JAKARTA (Asia Media Forum / Feb. 06, 2009) - “Change” seems to be the buzzword of Indonesian newspapers for 2009, amid growing competition in the South-east Asian country’s media industry.

In the new year, readers have witnessed the new looks of ‘Kompas’, ‘The Jakarta Post’, ‘Jakarta Globe’, ‘Investor Daily’, ‘Suara Pembaruan’ and other newspapers in this country of more than 220 million people.

The Indonesian-language daily ‘Kompas’ first introduced change on Jan. 2, followed by ‘The Jakarta Post’ on Jan. 12. Then, a week later, ‘Jakarta Globe’, ‘Investor Daily’, and Suara Pembaruan adopted new formats.

“If the old saying is true that everything is in a state of flux, then it is natural that we too must adapt to the constantly changing environment,” read the ‘Post’ editorial about its new look. The newspaper reduced the number of its columns from seven to six per page, increased the number of pages, more sections, and uses Mercury as its new font type.

Unlike the ‘Post’,’Kompas’, ‘Jakarta Globe’, ‘Investor Daily’, and ‘Suara Pembaruan’ were silent about their makeover and did not explain these to their readers.

Very upfront in announcing its new look, the ‘Post’ in fact started publicising its new format on Dec. 31, 2008, with the following blurb: “The world is waiting for change because you demand it, so does The Jakarta Post.” This then kicked off a series of quotes about change on its front page beginning Jan. 2.
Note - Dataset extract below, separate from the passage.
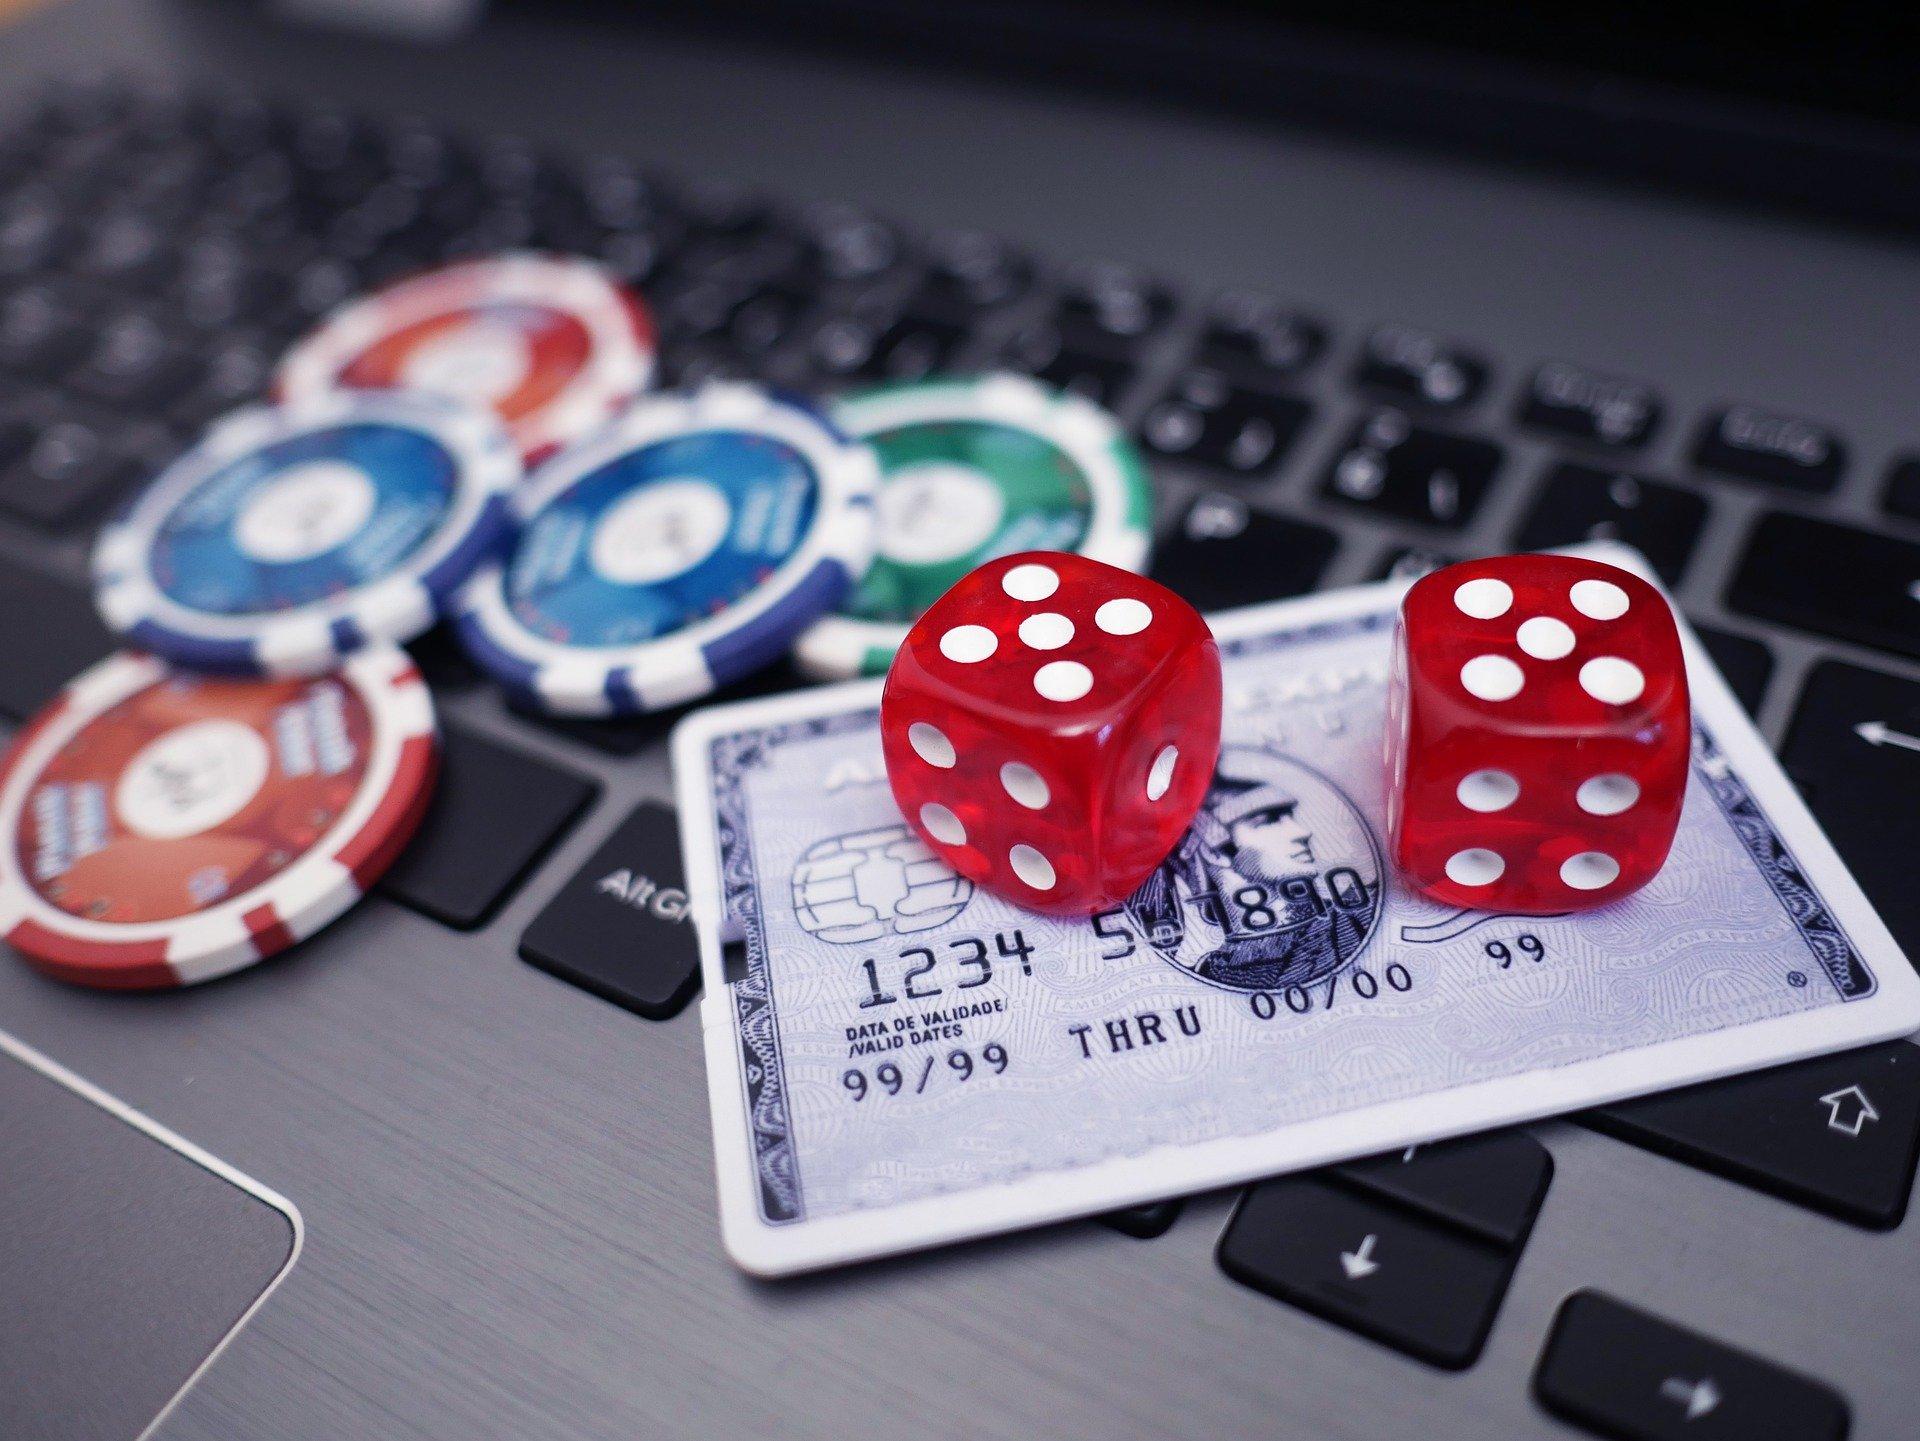 Tout ce qu'il faut savoir sur les casinos en ligne, conseils !

A good number of readers thought that the ‘Post, which will celebrate its 26th anniversary in April, was redesigning because of the entry of its new rival, the 48-page, full-colour ‘Jakarta Globe’ that hit the newsstands on Nov. 12, 2008.
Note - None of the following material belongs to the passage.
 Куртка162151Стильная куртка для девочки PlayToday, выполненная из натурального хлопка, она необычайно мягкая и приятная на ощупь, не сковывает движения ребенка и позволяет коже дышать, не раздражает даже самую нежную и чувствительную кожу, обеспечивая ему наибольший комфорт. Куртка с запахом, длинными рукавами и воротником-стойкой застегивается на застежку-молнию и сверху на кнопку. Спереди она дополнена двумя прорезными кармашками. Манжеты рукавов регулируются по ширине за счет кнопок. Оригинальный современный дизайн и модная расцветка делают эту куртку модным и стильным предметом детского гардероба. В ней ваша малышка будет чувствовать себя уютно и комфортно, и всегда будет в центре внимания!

The ‘Post’, however, said otherwise. “We felt that the design we had since 2002 was outdated,” Endy Bayuni, 'Post' chief editor, told the Asia Media Forum.

In truth, plans to redesign the ‘Post’ started in June 2007 but were put on hold when redesign team head and then managing editor Meidyatama Suryodiningrat took up a research fellowship at Harvard University in the United States.

In July 2008, he continued with the conceptualisation of the redesigning of the ‘Post’, which is acknowledged to be a serious and conservative paper. In September 2008, the redesign team, which included the newspaper’s managing editors Ati Nurbaiti and Riyadi Suparno, started working on the paper’s new design. Also involved were ‘Kompas’ arts and graphic designers, particularly Lim Bun Chai.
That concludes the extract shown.